Transfer Matrix Method

Three types of 2x2 transfer matrices are used to characterize porous materials \((T_{eq})\), air \((T_{air})\), and Maa microperforates \((T_{maa})\) in acoustipy.

The transfer matrices are also defined under 2 different sound field conditions -- normal and diffuse incidence.

Normal Incidence Matrices

\[ T_{eq} = \begin{bmatrix} \cos (k_{c}t) & jZ_{c}\sin(k_{c}t) \\ \frac{j}{Z_{c}}\sin(k_{c}t) & \cos (k_{c}t) \\ \end{bmatrix} \]

\[ T_{air} = \begin{bmatrix} \cos (k_{0}t) & jZ_{0}\sin(k_{0}t) \\ \frac{j}{Z_{0}}\sin(k_{0}t) & \cos (k_{0}t) \\ \end{bmatrix} \]

\[ T_{maa} = \begin{bmatrix} 1 & Z_{c}\\ 0 & 1 \\ \end{bmatrix} \]

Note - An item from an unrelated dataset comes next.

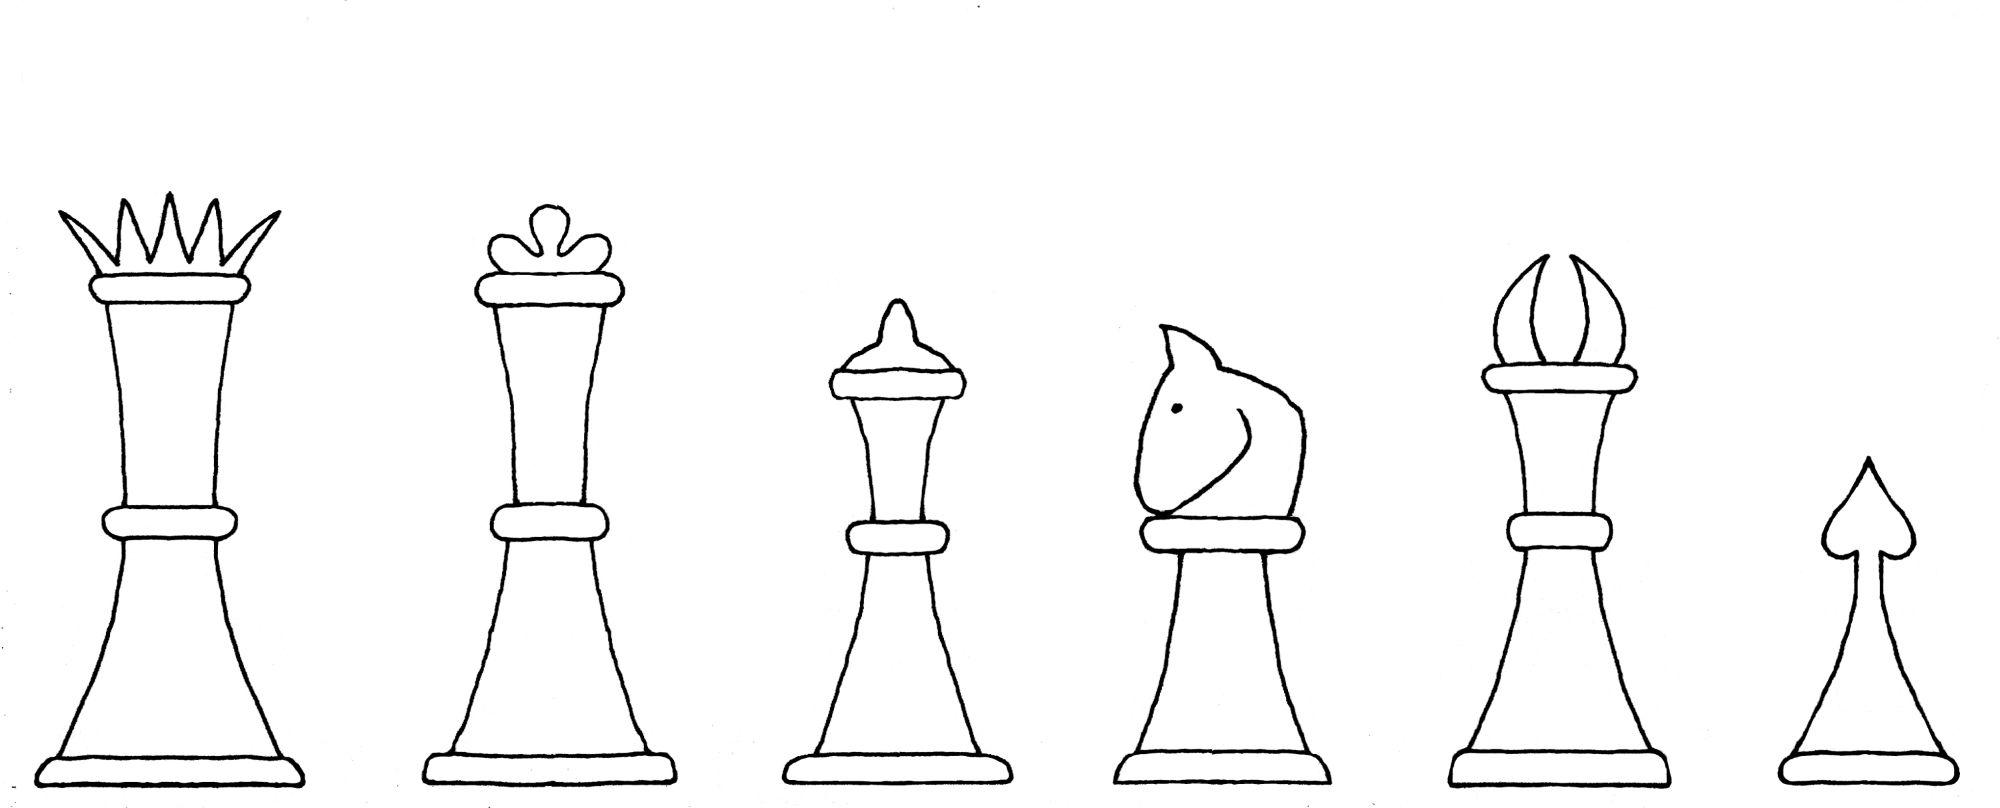 Lucena chess set interpretive diagram

where \(Z_{c}\) and \(k_{c}\) are the characteristic impedence and wavenumber of the material calculated by the ADD_XXX_Layer methods implemented in acoustipy. \(Z_{0}\) and \(k_{0}\) are the characteristic impedence and wavenumber of air and are determined via:

\[ Z_{0} = \rho_{0} c_{0} \]

\[ k_{0} = \frac{\omega}{c_{0}} \]

where \(\rho_{0}\) is the density of air, \(\omega\) is the angular frequency, and \(c_{0}\) is the speed of sound in air.

Diffuse Incidence Matrices

\[ T_{eq} = \begin{bmatrix} \cos (k_{x}t) & j\frac{Z_{c} k_{c}}{k_{x}}\sin(k_{x}t) \\ j \frac{j k_{x}}{Z_{c} k_{c}}\sin(k_{x}t) & \cos (k_{x}t) \\ \end{bmatrix} \]

\[ T_{air} = \begin{bmatrix} \cos (k_{x}t) & j\frac{Z_{c} k_{0}}{k_{x}}\sin(k_{x}t) \\ j \frac{k_{x}}{Z_{c} k_{0}}\sin(k_{x}t) & \cos (k_{x}t) \\ \end{bmatrix} \]

\[ T_{maa} = \begin{bmatrix} 1 & Z_{c}\cos(\theta)\\ 0 & 1 \\ \end{bmatrix} \]

where \(k_{x}\) is:

\[ k_{x} = \sqrt{k_{c}-k_{0}\sin(\theta)} \]

and \(\theta\) is the angle of incidence.

To obtain the total transfer matrix \((T_{t})\) of a multilayered structure, matrix multiplication is performed using the individual transfer matrices -- starting with the layer closest to the incident sound.

The illustration below is an example of a resistive screen on the face of a porous material, backed by a layer of air.

This is represented by:

\[ T_{t} = T_{screen} \times T_{porous} \times T_{air} \]